REQUIRED ACTION. Write out precisely the lines beginning with the line that contains "Chef-kok Charlie Brown kleurplaat kleurplaat" and ending with the last line of the entries, and no other lines.

RECORDED INFORMATION.
● ● ● ● ● ● ●

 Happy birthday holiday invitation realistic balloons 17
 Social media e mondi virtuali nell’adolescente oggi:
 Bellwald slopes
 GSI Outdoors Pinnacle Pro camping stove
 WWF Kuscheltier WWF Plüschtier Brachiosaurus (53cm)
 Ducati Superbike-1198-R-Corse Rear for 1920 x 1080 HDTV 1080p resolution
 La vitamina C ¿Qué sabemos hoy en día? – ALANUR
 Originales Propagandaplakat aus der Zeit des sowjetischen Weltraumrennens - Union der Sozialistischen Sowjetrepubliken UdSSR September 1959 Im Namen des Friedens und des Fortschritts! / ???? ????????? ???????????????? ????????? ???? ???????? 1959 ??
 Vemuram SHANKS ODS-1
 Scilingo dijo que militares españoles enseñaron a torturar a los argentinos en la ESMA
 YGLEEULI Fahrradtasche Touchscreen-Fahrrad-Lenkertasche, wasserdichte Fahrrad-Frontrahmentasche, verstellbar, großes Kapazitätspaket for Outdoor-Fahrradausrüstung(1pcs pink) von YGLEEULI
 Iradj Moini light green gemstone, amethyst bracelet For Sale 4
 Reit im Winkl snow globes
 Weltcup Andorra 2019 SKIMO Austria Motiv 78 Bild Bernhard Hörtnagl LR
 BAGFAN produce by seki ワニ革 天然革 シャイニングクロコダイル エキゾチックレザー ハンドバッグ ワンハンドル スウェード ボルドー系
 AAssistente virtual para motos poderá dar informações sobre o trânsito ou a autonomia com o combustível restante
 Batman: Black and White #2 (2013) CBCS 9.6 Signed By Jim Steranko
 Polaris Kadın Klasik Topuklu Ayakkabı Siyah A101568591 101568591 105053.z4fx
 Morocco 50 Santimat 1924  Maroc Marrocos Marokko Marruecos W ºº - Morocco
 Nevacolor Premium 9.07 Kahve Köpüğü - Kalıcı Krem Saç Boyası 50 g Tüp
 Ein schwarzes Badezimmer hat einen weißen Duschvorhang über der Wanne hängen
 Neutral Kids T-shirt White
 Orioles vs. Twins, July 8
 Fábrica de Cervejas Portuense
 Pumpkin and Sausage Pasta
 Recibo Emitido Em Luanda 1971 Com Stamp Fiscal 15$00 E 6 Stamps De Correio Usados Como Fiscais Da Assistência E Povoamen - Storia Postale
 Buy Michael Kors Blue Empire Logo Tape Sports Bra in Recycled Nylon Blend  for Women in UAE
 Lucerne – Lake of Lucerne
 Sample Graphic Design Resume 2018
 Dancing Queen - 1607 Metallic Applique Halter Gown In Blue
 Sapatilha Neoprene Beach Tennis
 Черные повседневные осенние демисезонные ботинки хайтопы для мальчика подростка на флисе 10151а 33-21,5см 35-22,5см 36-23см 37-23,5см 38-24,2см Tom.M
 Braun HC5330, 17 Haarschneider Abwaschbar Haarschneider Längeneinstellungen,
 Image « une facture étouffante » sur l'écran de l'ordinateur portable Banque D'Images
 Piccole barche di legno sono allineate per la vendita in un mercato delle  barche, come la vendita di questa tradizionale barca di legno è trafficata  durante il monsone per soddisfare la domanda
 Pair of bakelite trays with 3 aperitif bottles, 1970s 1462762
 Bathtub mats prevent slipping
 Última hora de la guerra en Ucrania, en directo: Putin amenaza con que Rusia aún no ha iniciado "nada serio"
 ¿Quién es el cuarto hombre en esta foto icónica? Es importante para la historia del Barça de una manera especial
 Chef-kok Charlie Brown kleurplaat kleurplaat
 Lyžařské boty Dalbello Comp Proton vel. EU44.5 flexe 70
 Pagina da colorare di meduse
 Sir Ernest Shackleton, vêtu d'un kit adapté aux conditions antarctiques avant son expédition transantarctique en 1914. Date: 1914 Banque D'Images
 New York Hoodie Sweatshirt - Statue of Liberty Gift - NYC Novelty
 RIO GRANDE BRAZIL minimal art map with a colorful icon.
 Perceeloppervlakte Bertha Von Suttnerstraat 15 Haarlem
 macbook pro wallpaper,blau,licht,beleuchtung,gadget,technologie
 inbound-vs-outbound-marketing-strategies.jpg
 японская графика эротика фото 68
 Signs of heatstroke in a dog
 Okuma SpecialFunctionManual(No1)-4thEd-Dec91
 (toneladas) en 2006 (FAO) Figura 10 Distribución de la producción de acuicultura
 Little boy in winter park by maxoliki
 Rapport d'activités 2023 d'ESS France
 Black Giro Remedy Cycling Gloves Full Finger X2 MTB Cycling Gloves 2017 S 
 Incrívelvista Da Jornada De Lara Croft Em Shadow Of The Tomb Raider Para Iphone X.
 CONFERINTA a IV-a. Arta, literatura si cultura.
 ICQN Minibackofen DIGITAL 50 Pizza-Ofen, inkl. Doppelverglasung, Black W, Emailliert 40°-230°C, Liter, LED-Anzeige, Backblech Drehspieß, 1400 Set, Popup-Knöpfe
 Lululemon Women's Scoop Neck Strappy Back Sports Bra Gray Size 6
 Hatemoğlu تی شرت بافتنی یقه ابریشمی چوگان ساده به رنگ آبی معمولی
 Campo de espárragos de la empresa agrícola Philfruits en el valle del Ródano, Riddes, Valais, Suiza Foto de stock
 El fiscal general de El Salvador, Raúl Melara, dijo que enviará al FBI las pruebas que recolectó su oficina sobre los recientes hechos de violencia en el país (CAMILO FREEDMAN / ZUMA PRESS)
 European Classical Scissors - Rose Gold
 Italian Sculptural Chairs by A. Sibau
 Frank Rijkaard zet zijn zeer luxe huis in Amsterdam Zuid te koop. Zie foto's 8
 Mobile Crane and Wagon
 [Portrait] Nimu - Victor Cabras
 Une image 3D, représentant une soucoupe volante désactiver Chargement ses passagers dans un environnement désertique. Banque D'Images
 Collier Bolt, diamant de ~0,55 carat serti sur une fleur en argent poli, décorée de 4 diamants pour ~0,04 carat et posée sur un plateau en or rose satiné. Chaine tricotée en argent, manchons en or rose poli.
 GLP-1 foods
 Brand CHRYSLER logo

● ● ● ● ● ● ●

THE COMPLETED TASK.
 Chef-kok Charlie Brown kleurplaat kleurplaat
 Lyžařské boty Dalbello Comp Proton vel. EU44.5 flexe 70
 Pagina da colorare di meduse
 Sir Ernest Shackleton, vêtu d'un kit adapté aux conditions antarctiques avant son expédition transantarctique en 1914. Date: 1914 Banque D'Images
 New York Hoodie Sweatshirt - Statue of Liberty Gift - NYC Novelty
 RIO GRANDE BRAZIL minimal art map with a colorful icon.
 Perceeloppervlakte Bertha Von Suttnerstraat 15 Haarlem
 macbook pro wallpaper,blau,licht,beleuchtung,gadget,technologie
 inbound-vs-outbound-marketing-strategies.jpg
 японская графика эротика фото 68
 Signs of heatstroke in a dog
 Okuma SpecialFunctionManual(No1)-4thEd-Dec91
 (toneladas) en 2006 (FAO) Figura 10 Distribución de la producción de acuicultura
 Little boy in winter park by maxoliki
 Rapport d'activités 2023 d'ESS France
 Black Giro Remedy Cycling Gloves Full Finger X2 MTB Cycling Gloves 2017 S 
 Incrívelvista Da Jornada De Lara Croft Em Shadow Of The Tomb Raider Para Iphone X.
 CONFERINTA a IV-a. Arta, literatura si cultura.
 ICQN Minibackofen DIGITAL 50 Pizza-Ofen, inkl. Doppelverglasung, Black W, Emailliert 40°-230°C, Liter, LED-Anzeige, Backblech Drehspieß, 1400 Set, Popup-Knöpfe
 Lululemon Women's Scoop Neck Strappy Back Sports Bra Gray Size 6
 Hatemoğlu تی شرت بافتنی یقه ابریشمی چوگان ساده به رنگ آبی معمولی
 Campo de espárragos de la empresa agrícola Philfruits en el valle del Ródano, Riddes, Valais, Suiza Foto de stock
 El fiscal general de El Salvador, Raúl Melara, dijo que enviará al FBI las pruebas que recolectó su oficina sobre los recientes hechos de violencia en el país (CAMILO FREEDMAN / ZUMA PRESS)
 European Classical Scissors - Rose Gold
 Italian Sculptural Chairs by A. Sibau
 Frank Rijkaard zet zijn zeer luxe huis in Amsterdam Zuid te koop. Zie foto's 8
 Mobile Crane and Wagon
 [Portrait] Nimu - Victor Cabras
 Une image 3D, représentant une soucoupe volante désactiver Chargement ses passagers dans un environnement désertique. Banque D'Images
 Collier Bolt, diamant de ~0,55 carat serti sur une fleur en argent poli, décorée de 4 diamants pour ~0,04 carat et posée sur un plateau en or rose satiné. Chaine tricotée en argent, manchons en or rose poli.
 GLP-1 foods
 Brand CHRYSLER logo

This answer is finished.